Hsp90s are special proteins present at very high concentrations 
under normal physiological conditions and are up-regulated by 
stress [7,44]. Under heat shock, they act as a sequestration unit 
with other co-chaperones and play a more basic holding role 
preventing the aggregation of unfolded proteins [7,45]. We 
identified six putative Hsp90 genes from the cotton aphid 
transcriptome (Figure 3). The function of Hsp90 under normal 
and stress conditions in cotton aphids requires further study. 
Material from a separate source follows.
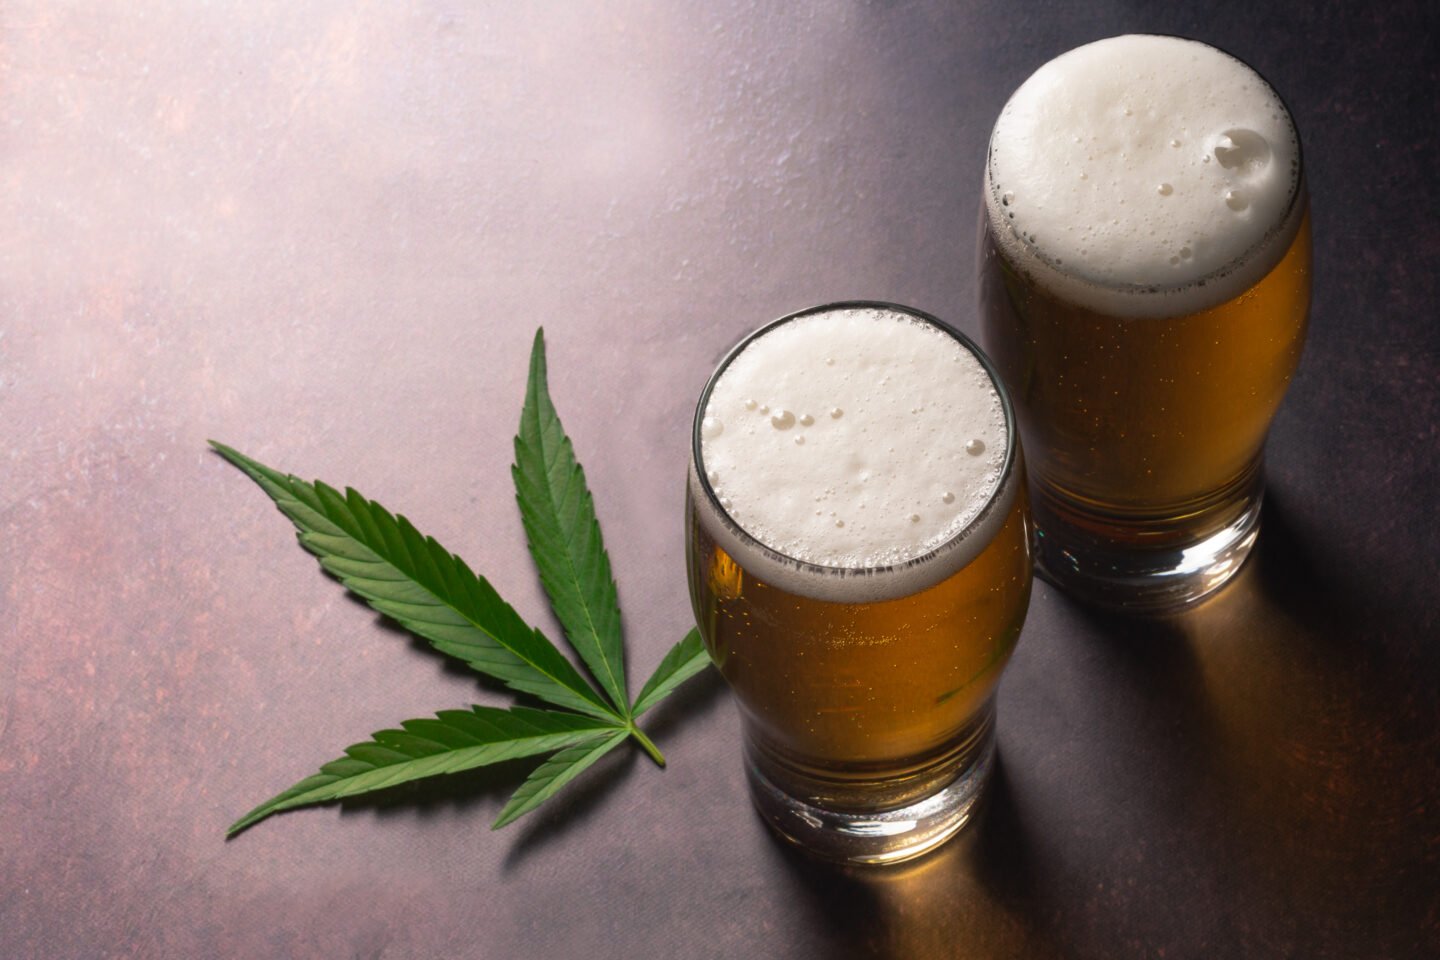 Minnesota Breweries See Benefits From State’s Cannabis Law

P450 genes. Of the 66 putative P450 genes, 45 genes 
(containing 23 full-length sequences) >230 amino acids in length 
were used to construct a phylogenetic tree along with 49 A. pisum 
P450s (Figure 4). The phylogenetic analysis results revealed that 
these 45 predicted P450s belonged to four major clades [14], 
namely the GYP2, CYP3, CYP4, and mitochondrial clades. CYP3 
were the most numerous of the P450 genes. 

Nine of the putative P450 genes belong to the CYP2 family; 
these may be involved in essential physiological functions. 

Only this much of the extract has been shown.